MMC cards are a microcontroller's best friend. They can speak a serial protocol called SPI which is natively supported in the microcontroller hardware. I love 'em. You only need 4 IO lines to transmit commands and data to the card and receive data back. These connections go by a number of names but this is the set which will service you best:

/CS  (not card select)
CLK  (clock)
MOSI (master out, slave in)
MISO (master in, slave out)

Master in all cases is the Arduino. Digital pins 10 through 13 are the dedicated SPI connections. If your application already uses these you'll have to move things around! All the SD/MMC enabled boards I've seen use these pins. The information here should be applicable to anyone's SD/MMC enabled hardware.

Here's the MMC pinout...

...and here's how it needs to be connected:

MMC   Arduino
 1       10
 2       11
 3      gnd
 4      3v3
 5       13
 6      gnd
 7       12

MMC Cards require between 2.7 and 3.6 volts to operate. Low power varieties are also available that work down to 1.8V, though these are special and more rare. You can power a card from the Arduino's 3v3 output if it's available on your particular Arduino variety. There will need to be some level conversion on the /CS, CLK and MOSI lines, as these output 5V. As the Arduino regards 2.4V and above as a logic high, no level conversion needs to be done on the MISO line. There are some boards out there which operate at 3.3V natively, and for these boards all lines may be connected directly.

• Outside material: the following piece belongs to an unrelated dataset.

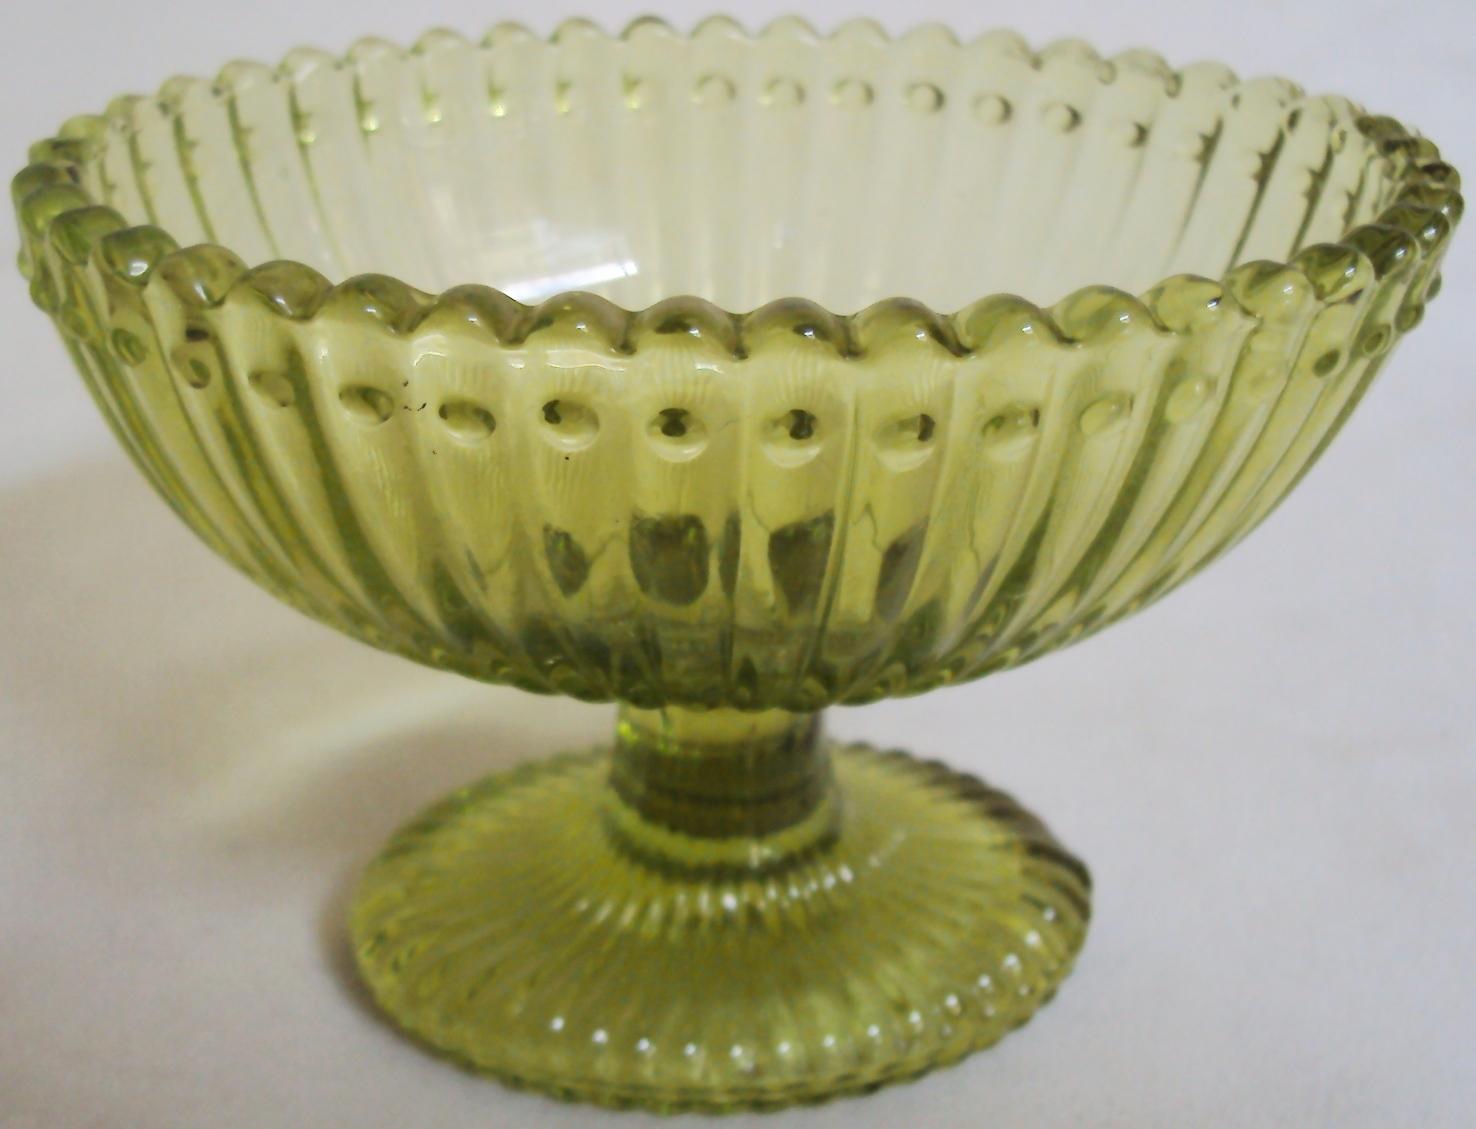 CR 312 – Petisqueira pequena em forma de taça de vidro verde decorado com relevos ondulados

We do any neccessary 5V level conversion in the simplest way possible: with a voltage divider. There is great information elsewhere, linked below, so I won't go into any more detail than this:

VDD --[R1]-- v --[R2]-- GND

The voltage v can be calculated by using the following formula:

v = (VDD*R2) / (R1+R2)

In most cases you should use R1 = 1K8 and R2 = 3K3. Tapping the voltage at the centre of the resistor/resistor connection yields ~ 3.24V. Actual values will vary a little depending on the accuracy of the resistors.

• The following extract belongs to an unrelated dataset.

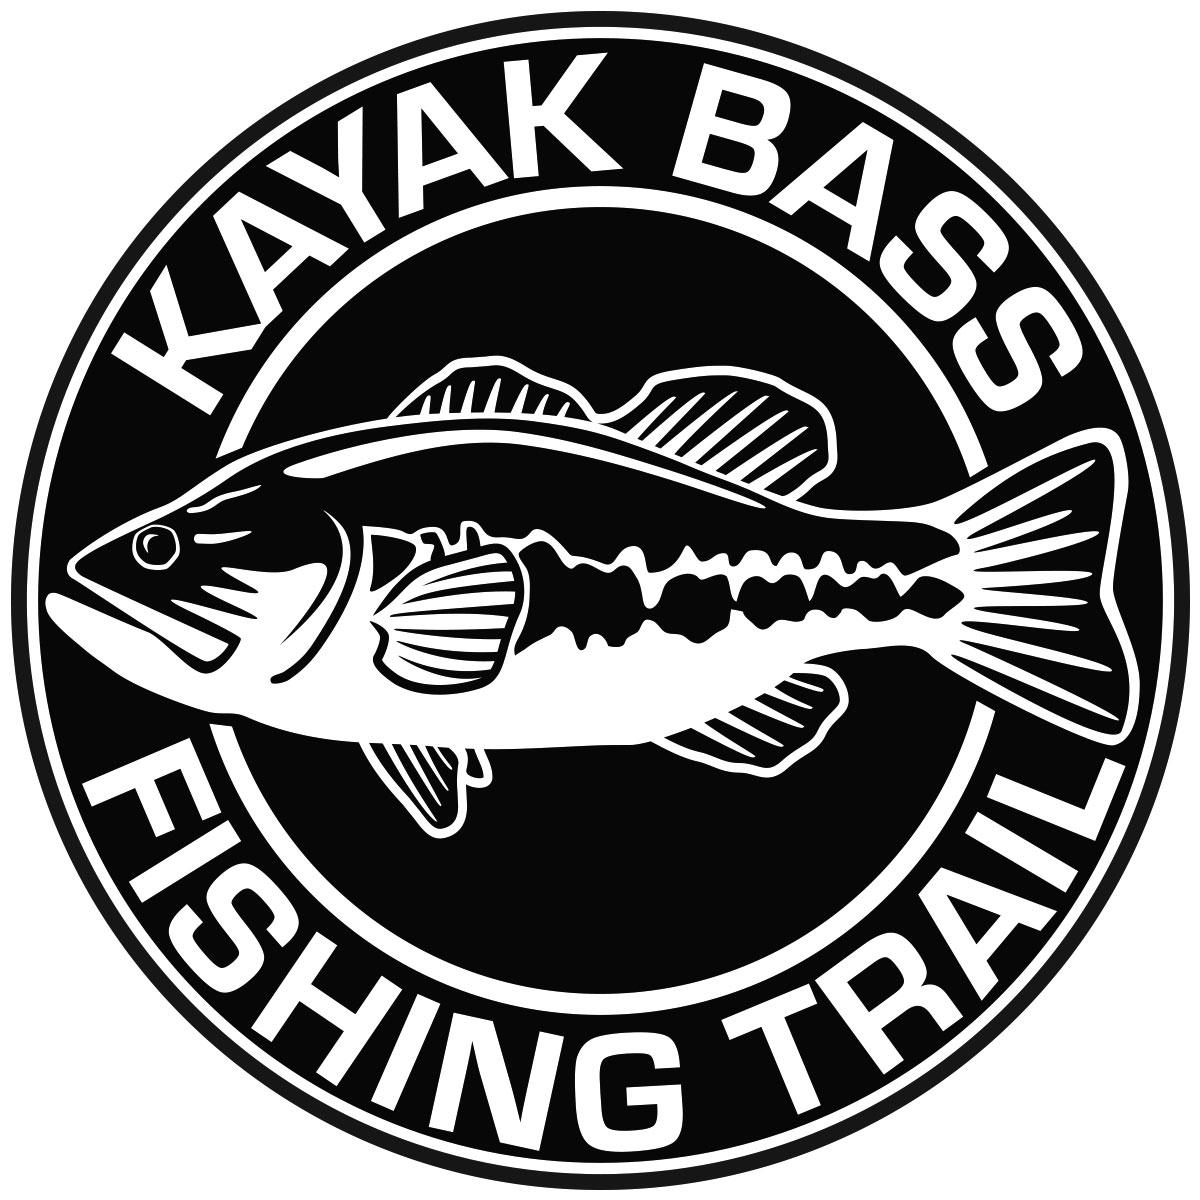 2016 kbf trail lake guntersville kayak bass fishing for Alabama fishing regulations

Some cards can cope with voltages out of the specified range, and some cannot. I have cards which have functioned happily as high as 4.3V, and one in particular which developed a high fever followed by sudden explosive death when faced with the same levels... Ahem. The less said about that the better.

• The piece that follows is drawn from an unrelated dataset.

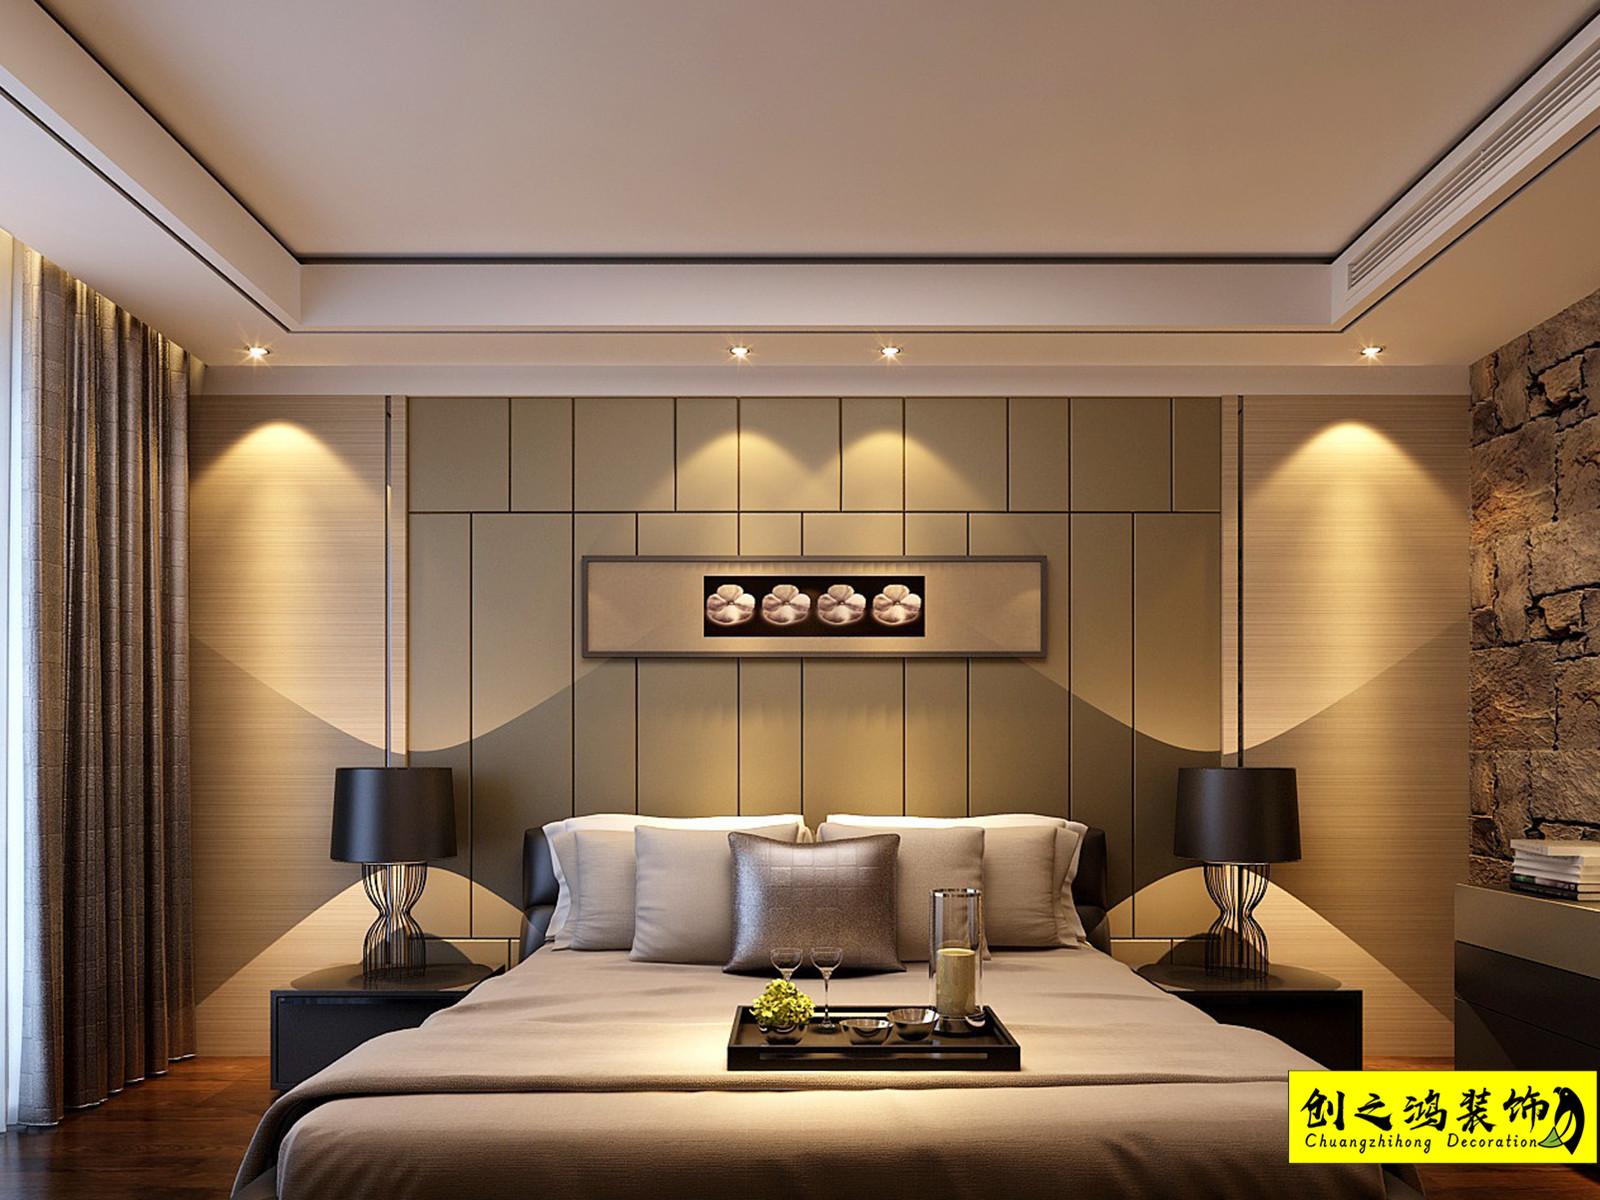 112㎡天房璟悦府三室两厅现代简约风格装修效果图

The product standard dictates the signal levels that you should aim for in your circuit.

Input HIGH voltage: 
[list][*]min:  0.625 * VDD
[*]max:  VDD + 0.3[/list]Input LOW voltage: 
[list][*]min:  VSS - 0.3
[*]max:  0.25 * VDD

[/list]
Here is what I consider to be the gold standard schematic produced by agent_orange, to be found with other good stuff at the start of the parent thread.

There are 3 kinds of socket available. MMC, SD and floppy-drive edge connector :smiley:

  • MMC sockets have 7 connectors and map 1:1 to the diagram above.
  • SD sockets can have up to 12 or 13 pins, but only the main 7 need to be used. The remainder are for detection of card insertion and write protect status of compatible SD cards. agent_orange's schematic shows a socket of this type.
  • Floppy edge-connector sockets are best for MMC cards (SD cards are thicker with ridges protecting the contacts) but are undoubtedly the cheapest! Check out the ingenious hack at Up All Night Robotics, linked below.
    There are many excellent introductions to the SPI protocol and I don't think that a discussion of it here would benefit anyone except the most inquisitive. There are a couple of links at the end of the post which should satisfy these curious cats.

It might not even help to discuss the MMC's command protocol over and above the fact that data transfers happen in 512 byte blocks. This can be changed, but I don't think there's a compelling reason to do this, especially as this most usually matches the sector size of the card.

Once the hardware is in place you'll need some software to drive it. As I said previously I'm hoping that people will contribute their code and experiences to this thread - I have only ever used one library to drive the card transfers. This was something that I adapted from the wonderful code of the SD2IEC project. I can't talk about 'The Roland Library' or any other as I don't know them. They should all be pretty much interchangable though.

For persistent storage on a card feel free to invent your own system. Reading and writing to the raw sectors is usually only a function call away. This is the least-cost entry into the storage arena. It's simple and reliable and you are in full control. But you will pay the price when it comes to moving the data around. You'll require raw sector access to the card from your computer which is certainly possible but inconvenient.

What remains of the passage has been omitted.